Des réactions sévères relié à une allergie au soja par l’intermédiaire des PR10 ont été décrites en 2002 25% des
patients avaient une réaction systémique avec baisse de la tension ou somnolence et 30% une gêne
respiratoire.
En 2004 Mittag décrit des réactions sévères dans 25% des cas lors d’un TPO en double aveugle chez des
patients allergiques au soja par l’intermédiaire de Gly m 4.
Le réseau français d’allergo-vigilance décrit une augmentation de la fréquence des anaphylaxies sévères
médiées par Gly m 4.
Cela a été décrit plus récemment par une équipe allemande qui rapporte une réaction anaphylactique après
ingestion de soja.
5/ Une réaction ultérieure sera-t-elle de même intensité que les précédentes ?
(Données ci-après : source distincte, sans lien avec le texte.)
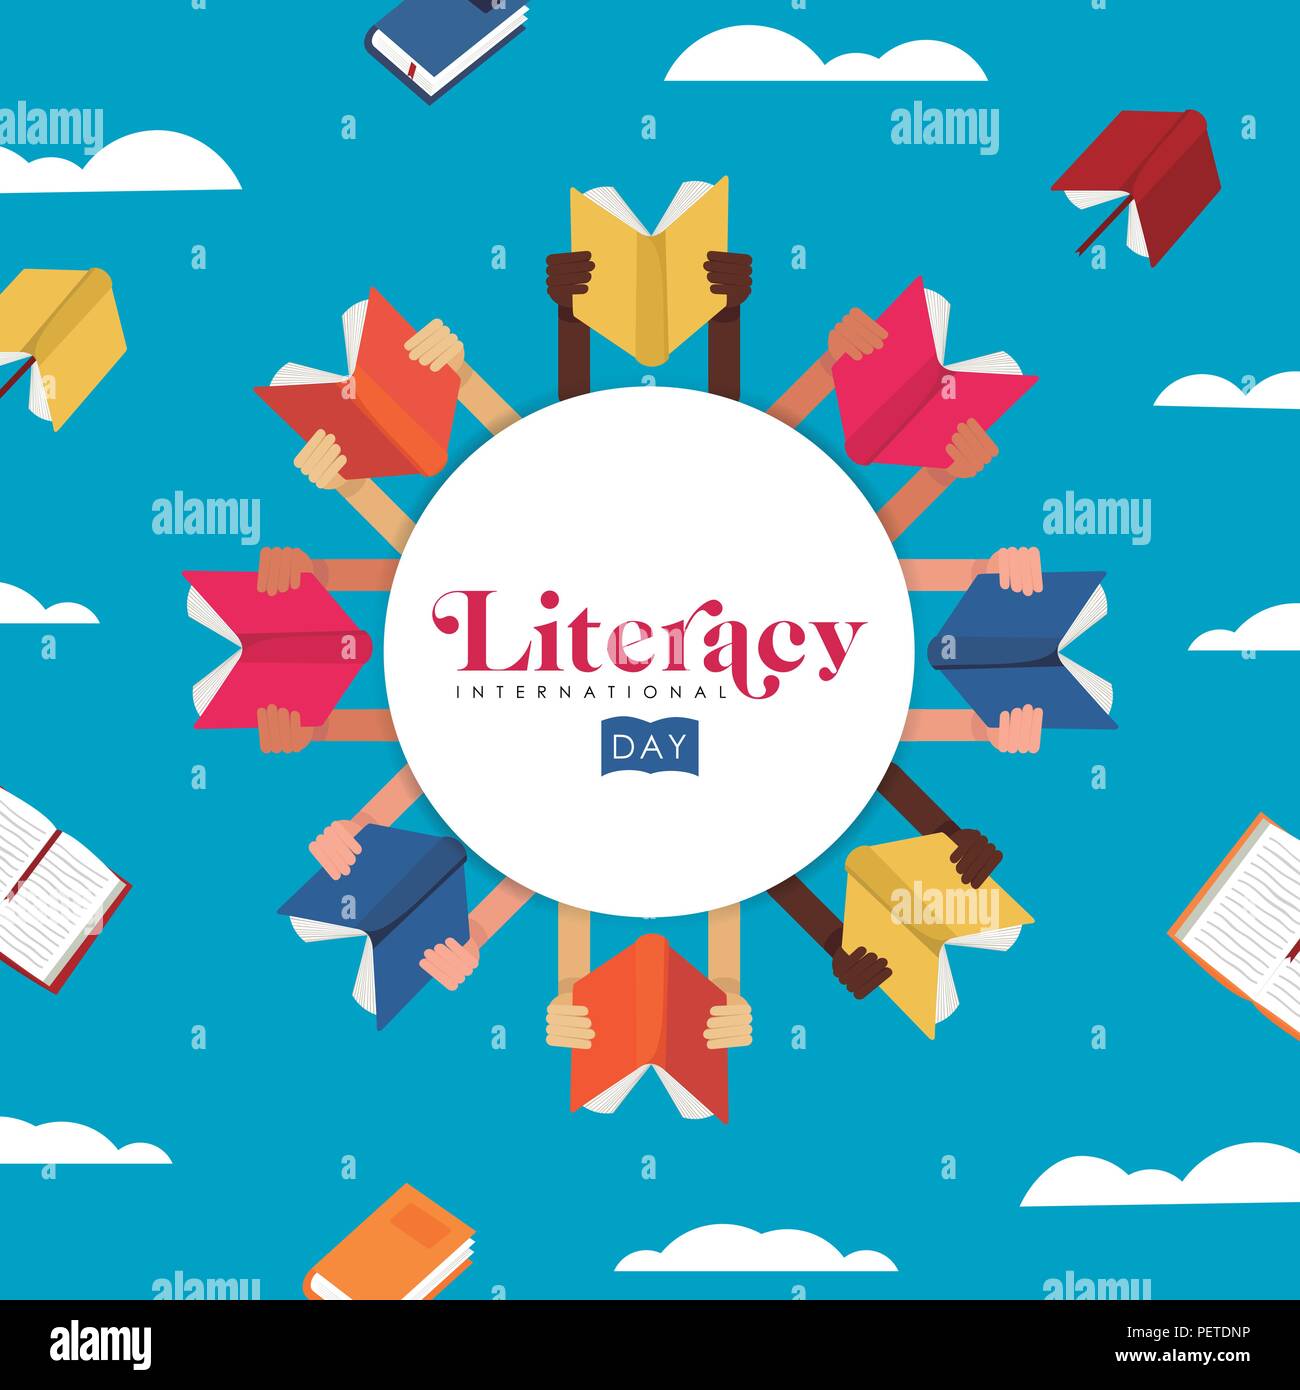 International Literacy Day illustration of children hands with education books and typography text. EPS10 vector. Stock Vector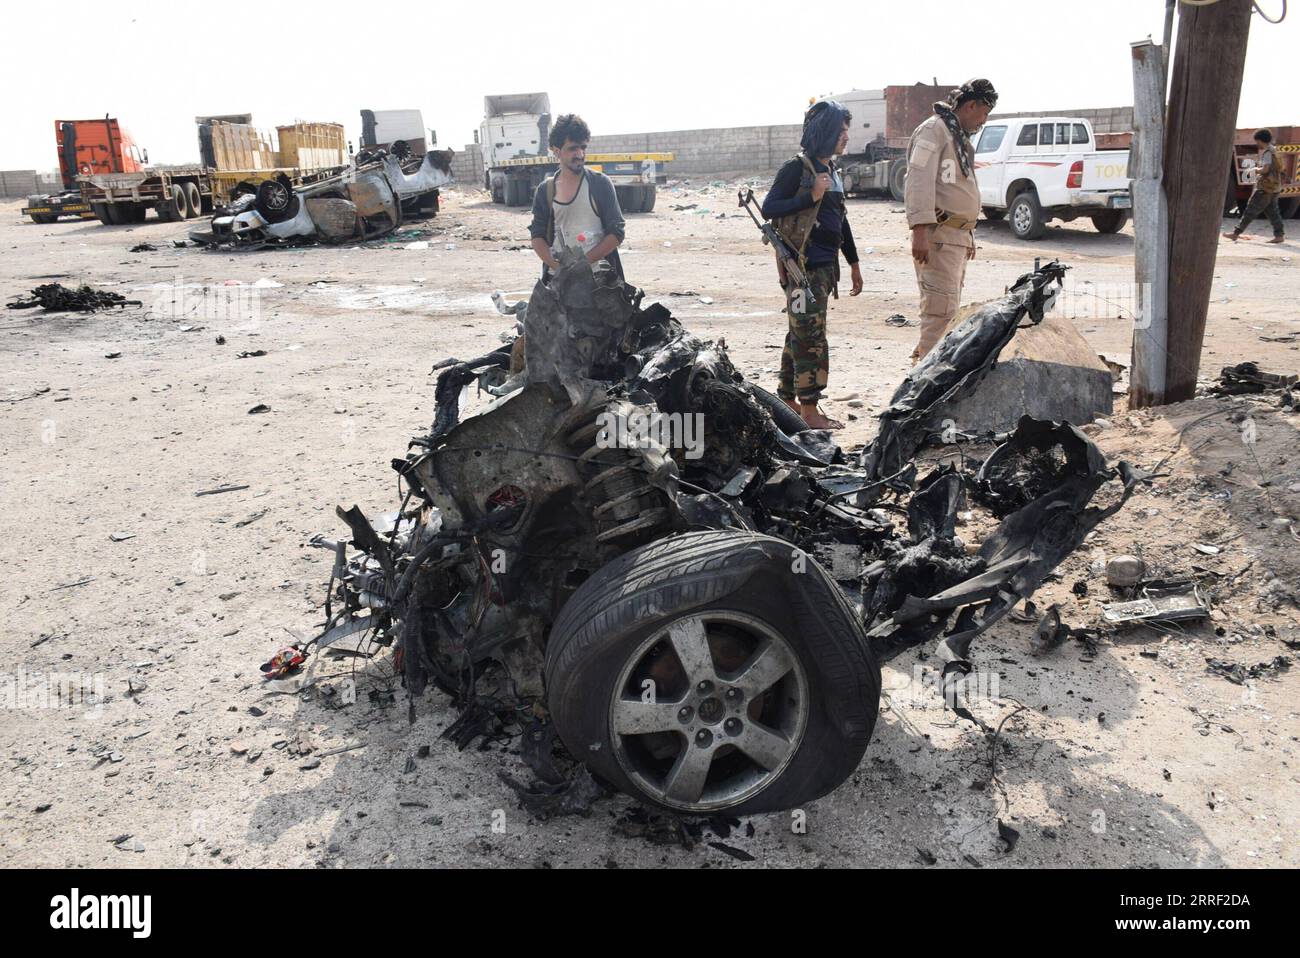 News Bilder des Tages 220325 -- ADEN, March 25, 2022 -- Security officers stand next to the wreckage of a car on a street of Aden, the southern port city of Yemen, on March 24, 2022. A deadly booby trap bomb attack in southern Yemen s Aden killed a high-ranking military commander of the Yemeni army and three bodyguards on Wednesday, a government official told Xinhua. Photo by /Xinhua YEMEN-ADEN-SENIOR COMMANDER-KILLED MuradxAbdo PUBLICATIONxNOTxINxCHN Stock Photo

En effet la sévérité d’une réaction allergique n’est pas prédite par la gravité de la réaction précédente.
6/ le patient ne fait-il pas déjà un régime d’éviction ?
En effet les réactions sont désagréables et souvent anxiogènes pour le patient qui de lui-même va éviter les
aliments lui ayant entrainé un syndrome oral. Il évite les fruits et légumes crus et il est parfois difficile de le
persuader qu’il peut les ingérer cuits sans danger.
En synthèse
Si dans la plus part des cas un syndrome oral n’est pas potentiellement vère il est important de réaliser un
bilan très précis de cette allergie en particulier sur le plan des allergènes moléculaires afin de minimiser tout
risque d’allergie plus sévère. Il est important aussi de prévenir le patient des cofacteurs aggravant.
Si le régime d’éviction strict n’est pas utile, une éviction des aliments crus incrimés sera la plus part du temps
faite par le patient. Des protocoles d’induction de tolérance pourraient être proposés.